* [DATA SHOWN]
══════════════════════════════
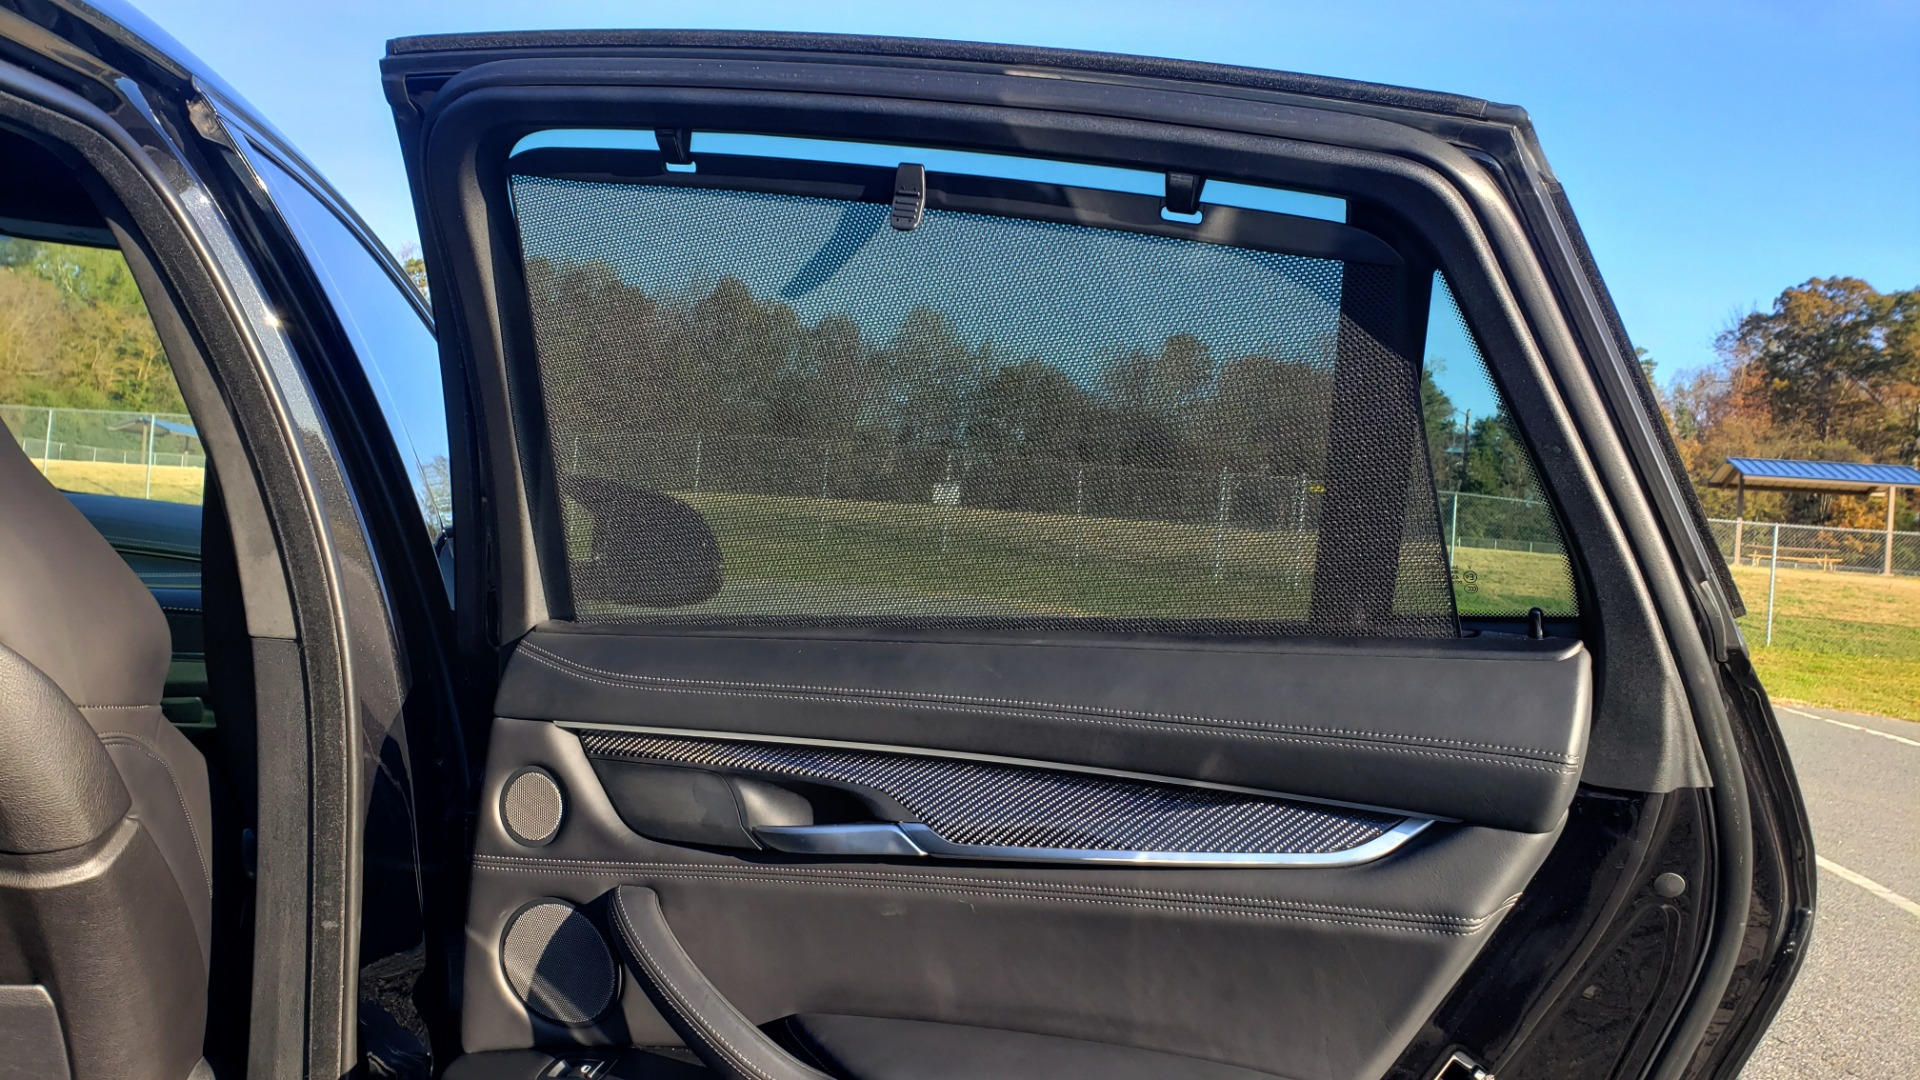 Used 2016 BMW X6 M EXEC PKG / DRVR ASST / NAV / SUNROOF / BLIND SPOT / REARVIEW for sale Sold at Formula Imports in Charlotte NC 28227 76
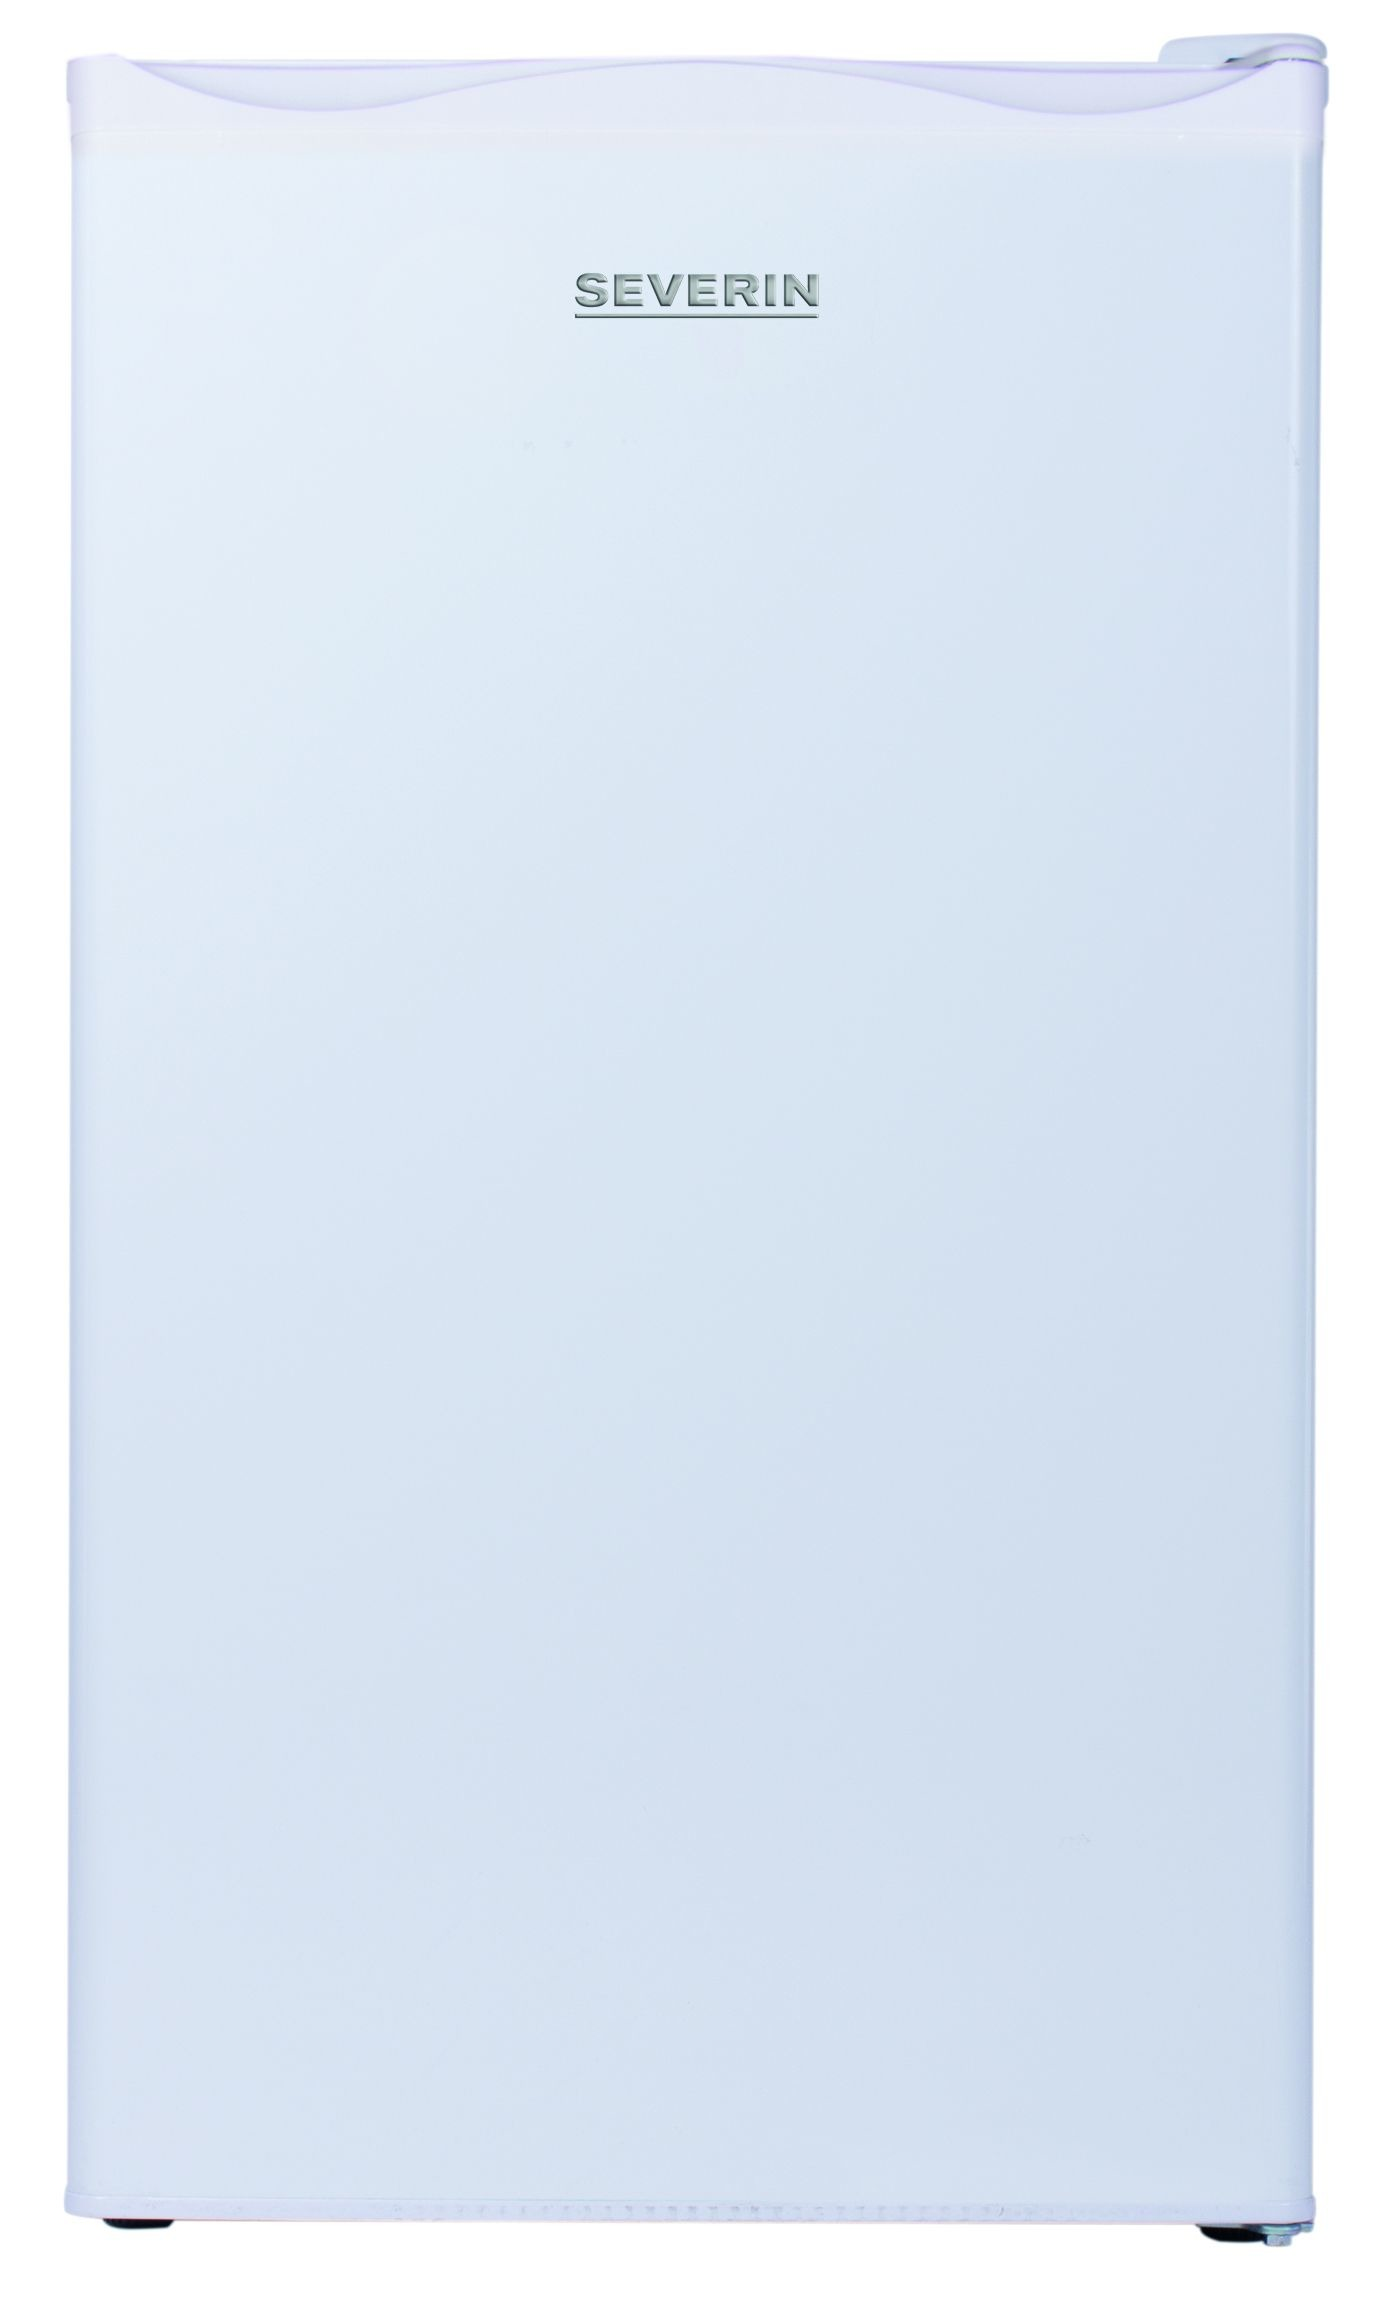 Korting Severin VKS8805 minikoelkast
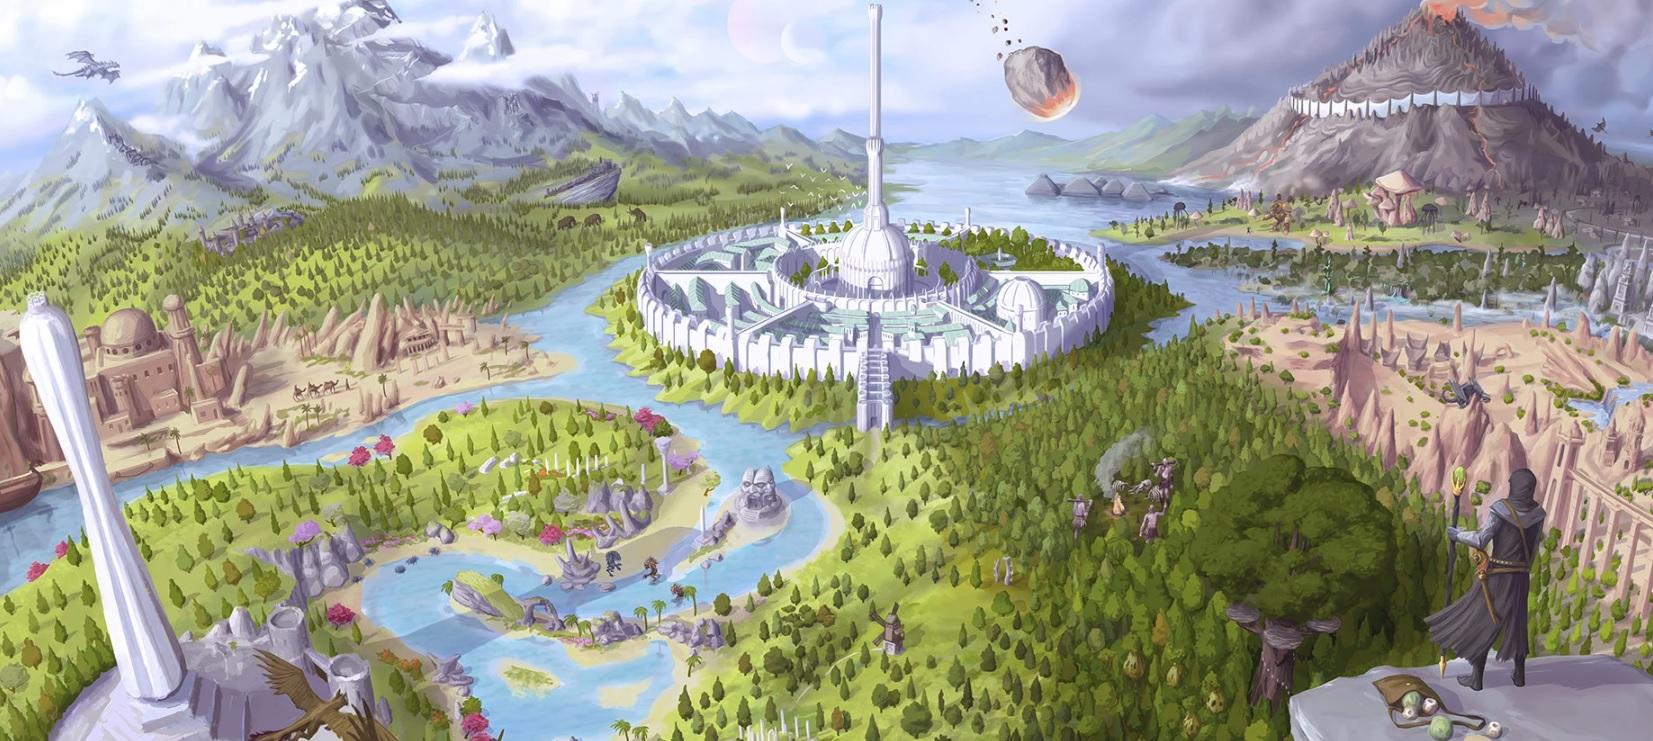 Do not expect Bethesda's Elder Scrolls VI, or even Starfield at E3 2019 screenshot
══════════════════════════════
* [YOUR OBJECTIVE]
Begin at the line containing "Korting Severin VKS8805 minikoelkast" and copy every line through the end of the data above exactly, omitting the pictures.

* [RESPONSE]
 Korting Severin VKS8805 minikoelkast
 Do not expect Bethesda's Elder Scrolls VI, or even Starfield at E3 2019 screenshot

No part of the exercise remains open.